Ensure you've properly segmented your cluster and your host-local locks, too. If your global sections are host-local, then embed the host name or such into the lock resource name. Keep the locks and lock trees local.

I'd look to spend time increasing the scope of what is locked or reducing the critical path code (once that is known); looking to tweak the current model. Before I started a locking rewrite.

Then look to get rid of the allocation of space if you can. Or reduce the number of times the application needs to go after it. This could be using sharded or cached allocation of storage, or going to interlocked queues and lookaside lists of allocated or deallocated, or going after bigger hunks.

There are tools around beyond PCA, such as the LCK extension in SDA, and DECamds/AvailMan that can be useful, too.

And do the due diligence involved with tuning; look for overloaded disk spindles and such.

John McL · ‎05-05-2009

How I miss good telephone conversations with knowledgeable Digital TSC people!

The trivial instance that I mentioned involves looking through a table of 1000 entries. Since space is assigned once to each process the potential for contention is minor until the system is heavily loaded, but Lock Manager always sends its information around the cluster.

Modifying the granularity sounds useful but there could be significant work in modifying the code and in testing. If we merely split something into smaller portions it might be necessary to lock and access multiple portions until the desired item is found.

I'm already considering our options for reducing that batch processing load and trying to identify the costs and benefits of each.

One point you've not commented on is whether 50,000 ENQ/DNQ operations per second is high, normal or low when running a whole heap of batch jobs.

John Gillings · ‎05-05-2009

>50,000 ENQ/DNQ operations per second is
>high, normal or low when running a whole
>heap of batch jobs.

On a VAX it might be an issue, but on an Itanium it's no big deal, especially if the locking activity is local.
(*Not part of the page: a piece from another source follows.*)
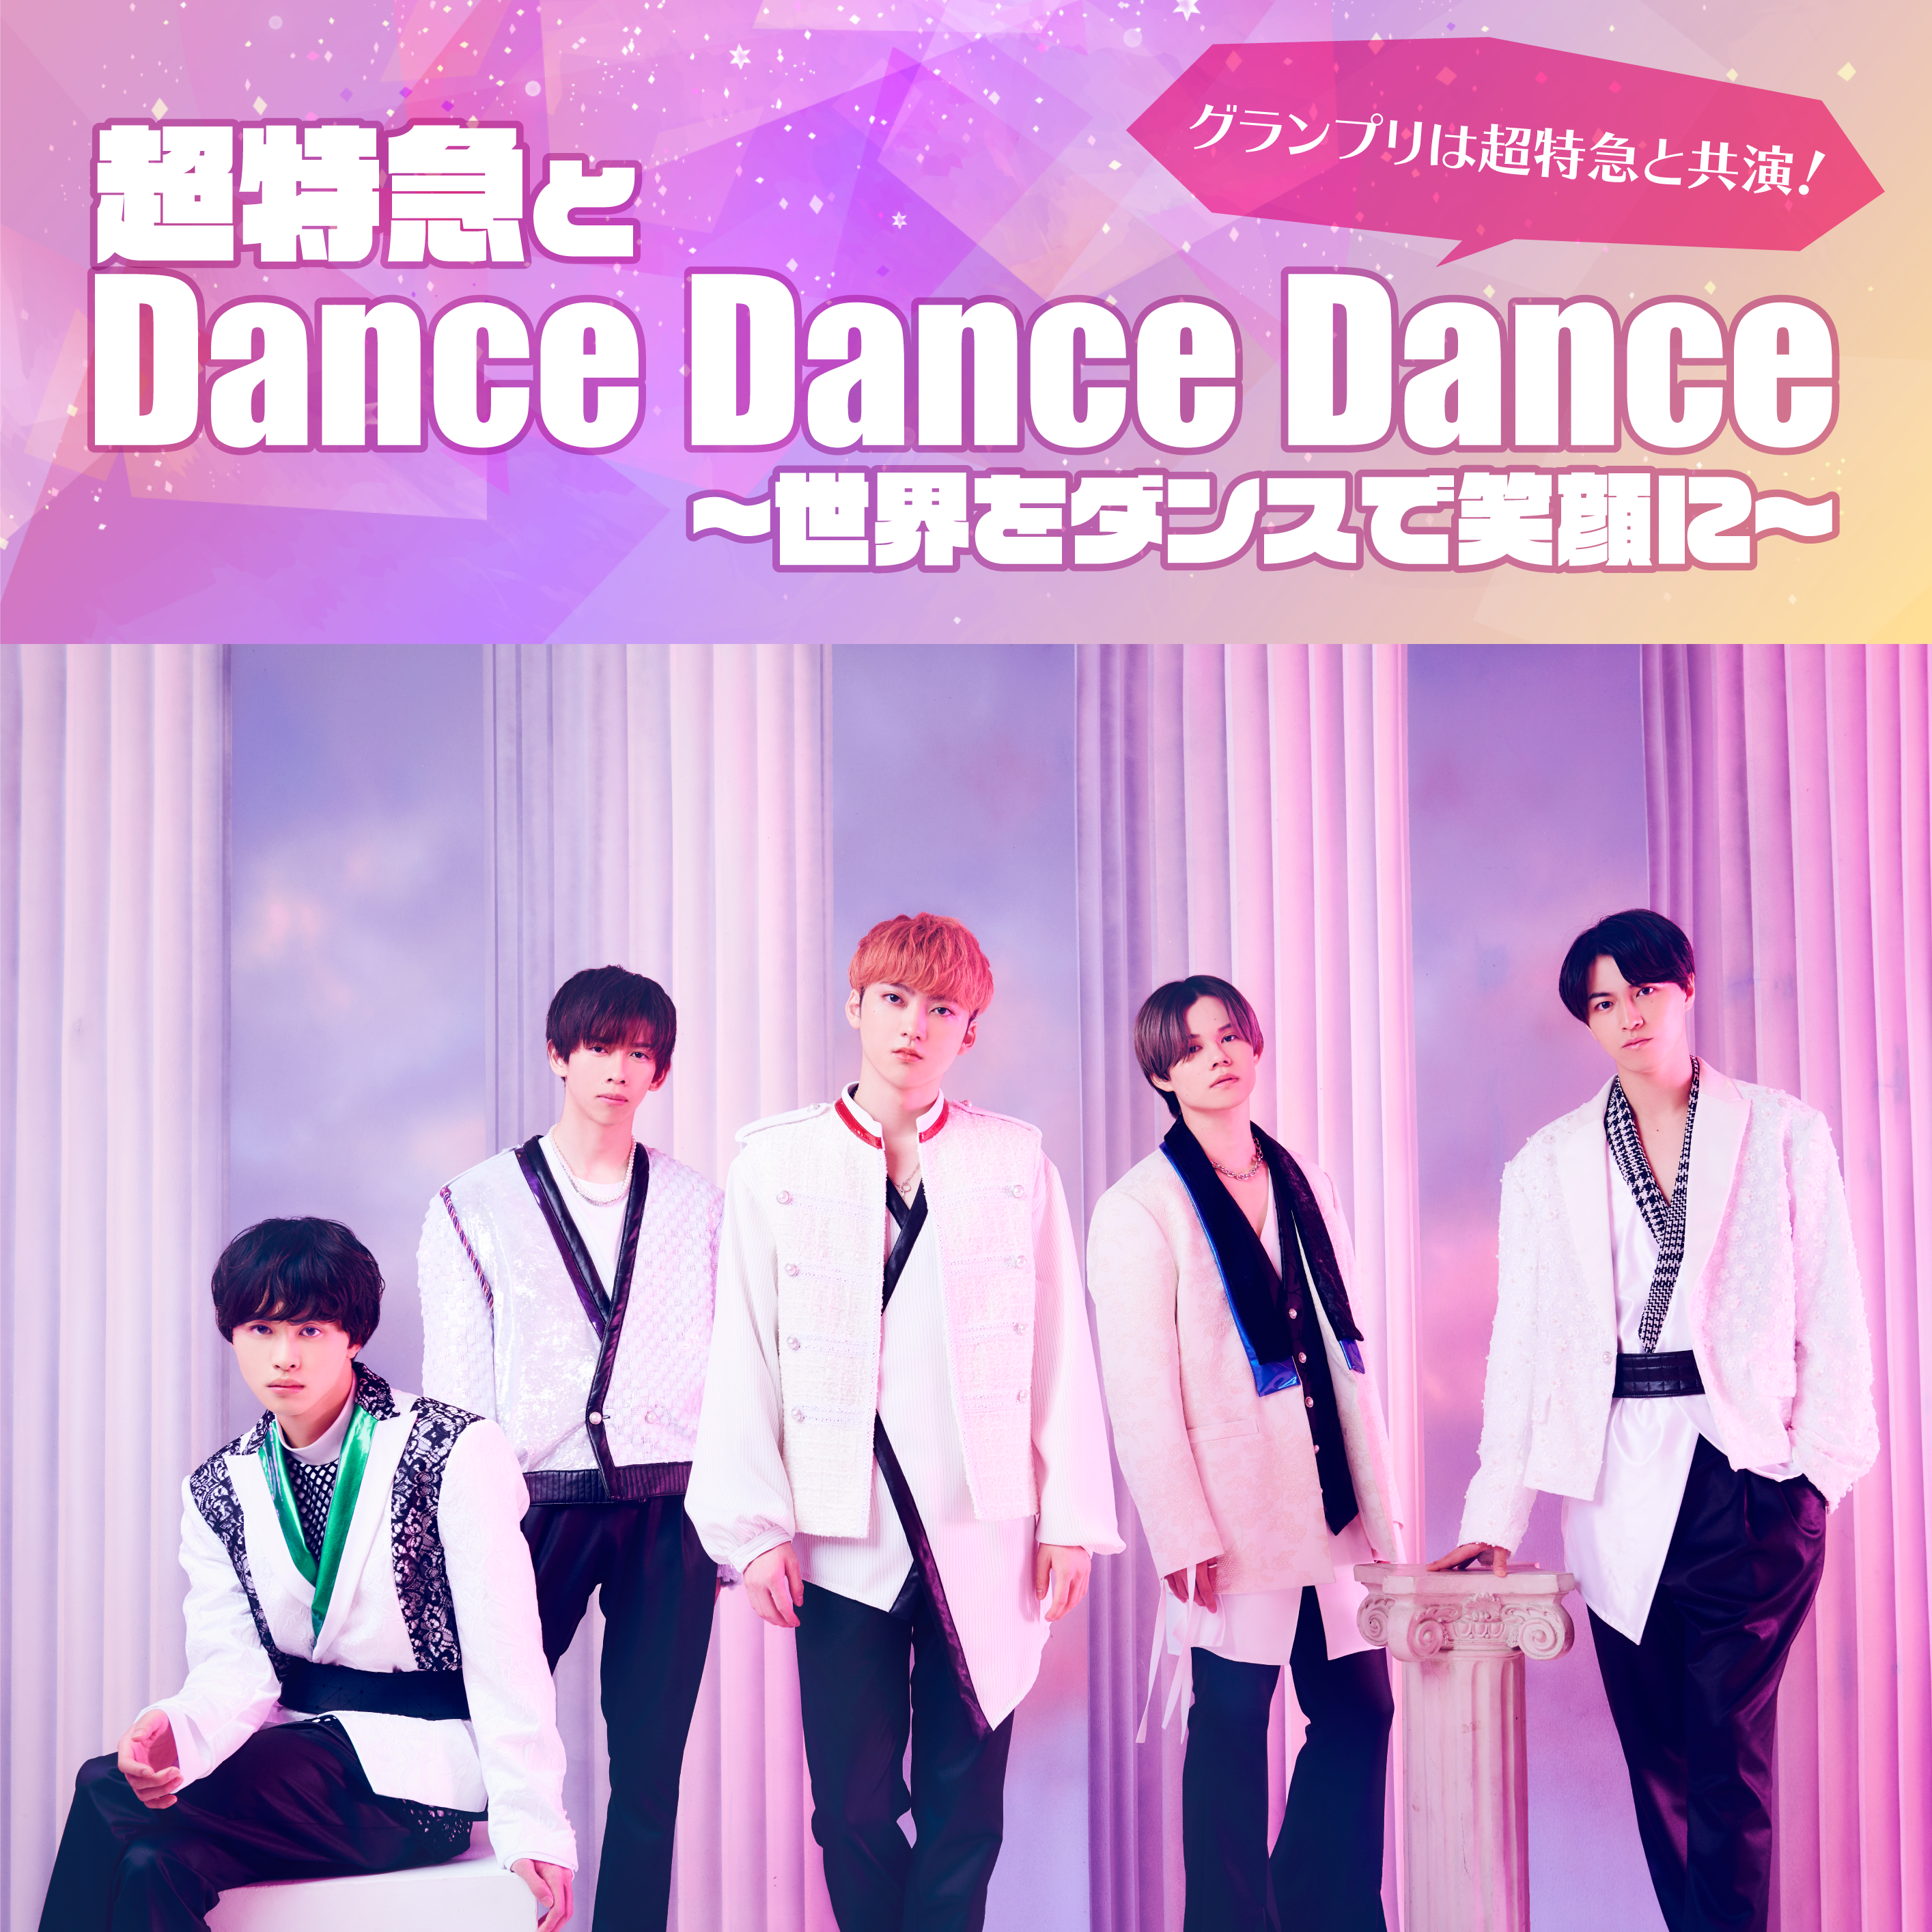 BULLET TRAIN 10th Anniversary Super Special Live「Dance Dance Dance」
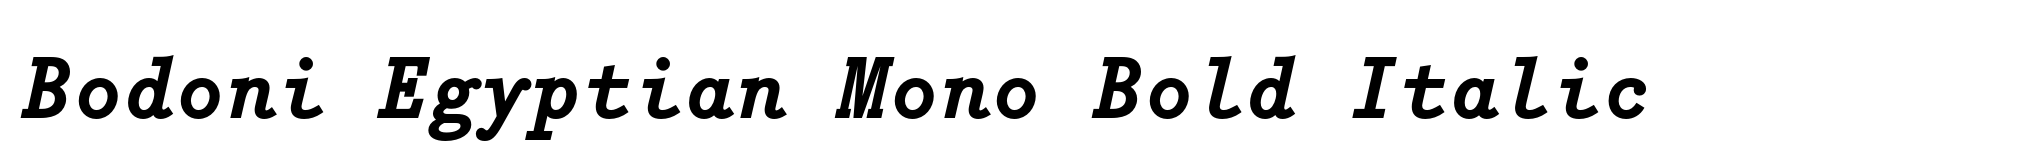 Bodoni Egyptian Mono Bold Italic image

See MONITOR DLOCK.

On the other hand, are they really ENQ/DEQ? If a single process deals with the same resource multiple times, you might consider an ENQ NL at the start, then use lock conversions to synchronize. DEQ when you've completely finished with the resource.

>but Lock Manager always sends its
>information around the cluster.

Not true. You need to check the resource name cluster wide, but once you have a lock on a locally mastered resource, there is no further external activity.

Keeping all the interested processes on a single node should keep the resource local. If the resource is a global section, then that should already be true.

A crucible of informative mistakes

John McL · ‎05-05-2009

Hoff, John

I have to say that I like these forums for the input from multiple sources and the speed of response but they're not great from a "business security" aspect and I don't want to go into too many specifics about the applications.

This consideration of locking is just one of several avenues that I'm looking at regards performance. We'll go from Alpha to IA64 one day but going there with highly efficient code makes good sense.

Hoff, the application and its data files are just too big to load into memory. We did consider installing images /RESIDENT but that comes with its own set of problems (e.g. replacing them, memory fragmentation).

You both talk of ensuring that a resource name is recognised as unique to a node when we want the locking to really only apply locally. Do I understand you to mean that all the activity for the lock for the resource in question is seen by Lock Manager to be only on one node and therefore that the sending of data between nodes for this lock is very minor?

This could be something worth checking and if code modifications are required they should be minor.

Hein van den Heuvel · ‎05-05-2009

John,

It sounds like the lock activity you intend to target is just a fraction of the real lock volume.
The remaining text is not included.